The US dollar has already faced a backlash in the oil market, with the BRICS countries increasing non-dollar bilateral trade among them. US officials anticipate a gradual decline in the dollar’s share of global reserves, but the use of alternative currencies for now remains limited. Since most of the BRICS economies and the NDB remain dependent on the dollar, there is little risk to its near- to medium-term dominance.
BRICS members exist in a symbiotic relationship with the Western-led global governance system — their development is contingent upon it, and they seem committed to operating within its framework. This is partially a result of path dependence and, more importantly, an indicator of their benefit from the system.
Yet, as BRICS straddles old institutions and its new ambitions, its institutional trajectory is likely to evolve, particularly in connection with its original aspiration to be the voice of the Global South.

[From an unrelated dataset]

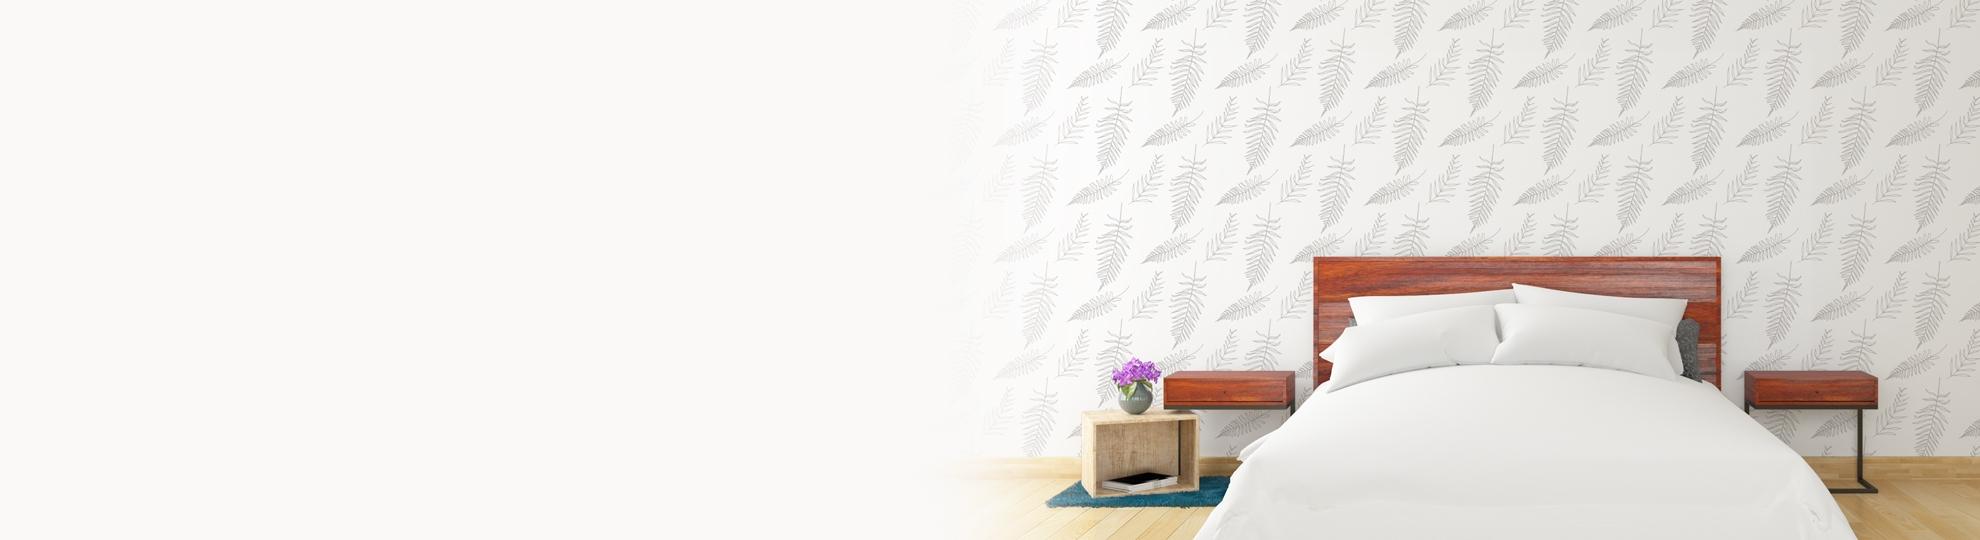 Imprimer papier peint, espace bureau, maison, décoration

With great power comes great responsibility and it remains to be seen whether BRICS can deliver the greatest good for less developed countries, whose wellbeing it seeks to advance.
The real appeal of BRICS in the Global South lies less in the group’s top-down rhetoric and more in the new ideas to advance wellbeing and inclusive economic prosperity from the bottom up and the middle out. With ‘the achievement of the UN Sustainable Development Goals (SDGs) in peril’ — barely 15 percent of the targets on track and the World Bank undergoing major reforms, BRICS has an opportunity to step up with development funding and new initiatives.

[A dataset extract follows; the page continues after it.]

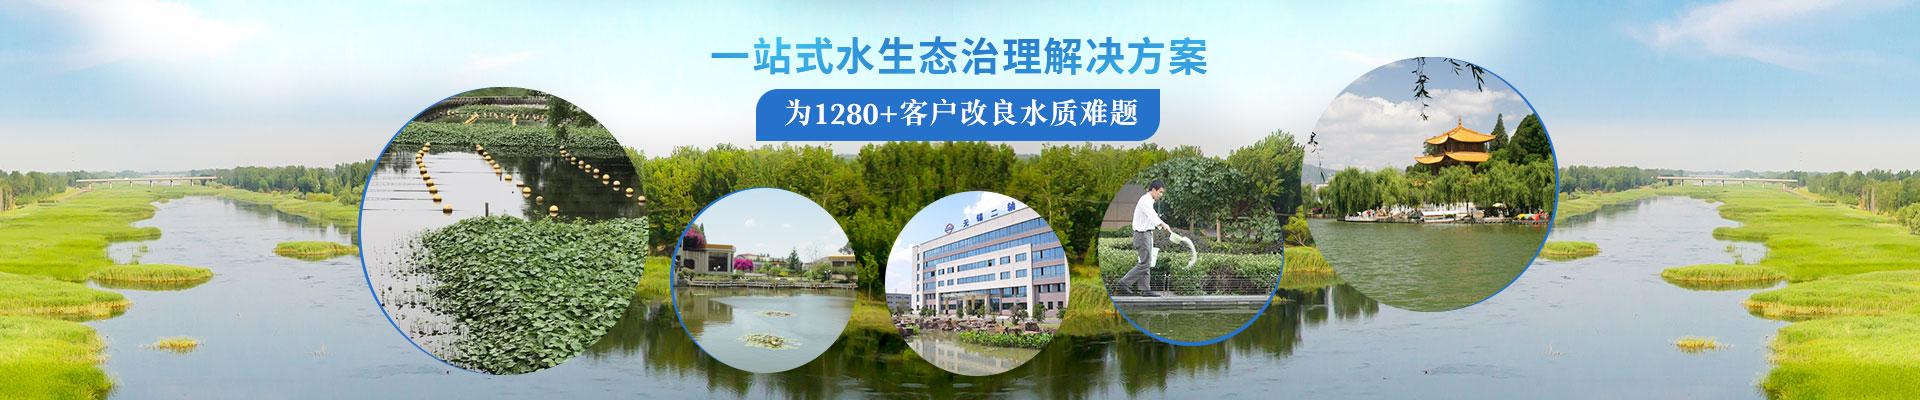 泓宝-提供一站式水生态治理解决方案  为1280+客户改良水质难题

For example, the current BRICS members are laboratories for digital and financial inclusion and innovation with rapidly evolving digital economies, as evidenced by our Digital Intelligence Index. Such innovations are extremely relevant in the Global South, where many of the world’s 1.5 billion people are excluded from the formal financial system, and many of the billion people living in internet poverty reside. The group’s efforts have not been proportionate with their shared intent to be perceived as a champion of the Global South. BRICS has yet to effectively leverage the digital development expertise of its member states.
It remains to be seen whether the bloc can design, share and scale concrete policy solutions as the 2024 BRICS presidency implements the Strategy for BRICS Economic Partnership 2025, with the digital economy at the forefront of its agenda.
BRICS member states would do well to harness best practices from within the bloc and corral their digital innovators in the public and private sectors to advance inclusion among the 40 countries seeking inspiration and new development opportunities from BRICS and NDB. Aligning the digital development activities of the NDB more closely with the World Bank’s acceleration efforts would support the bloc’s relationship with Bretton Woods institutions and greatly assist the Global South in reaching the SDGs. Top of Form
The expanded BRICS is poised to persist in both aligning with the existing system where desirable and advocating for specific changes when necessary. It will need to reach a consensus on its priorities and where to deploy its bargaining power. To provide a compelling alternative to the status quo, it must demonstrate a distinctive vision for the Global South and expedite development progress. Otherwise, it risks either becoming the new G77 — an unwieldy political coalition in a deadlocked multilateral system — or the new anti-globalisation movement, a shrill critic of globalisation incapable of designing and scaling alternative and transformational ideas.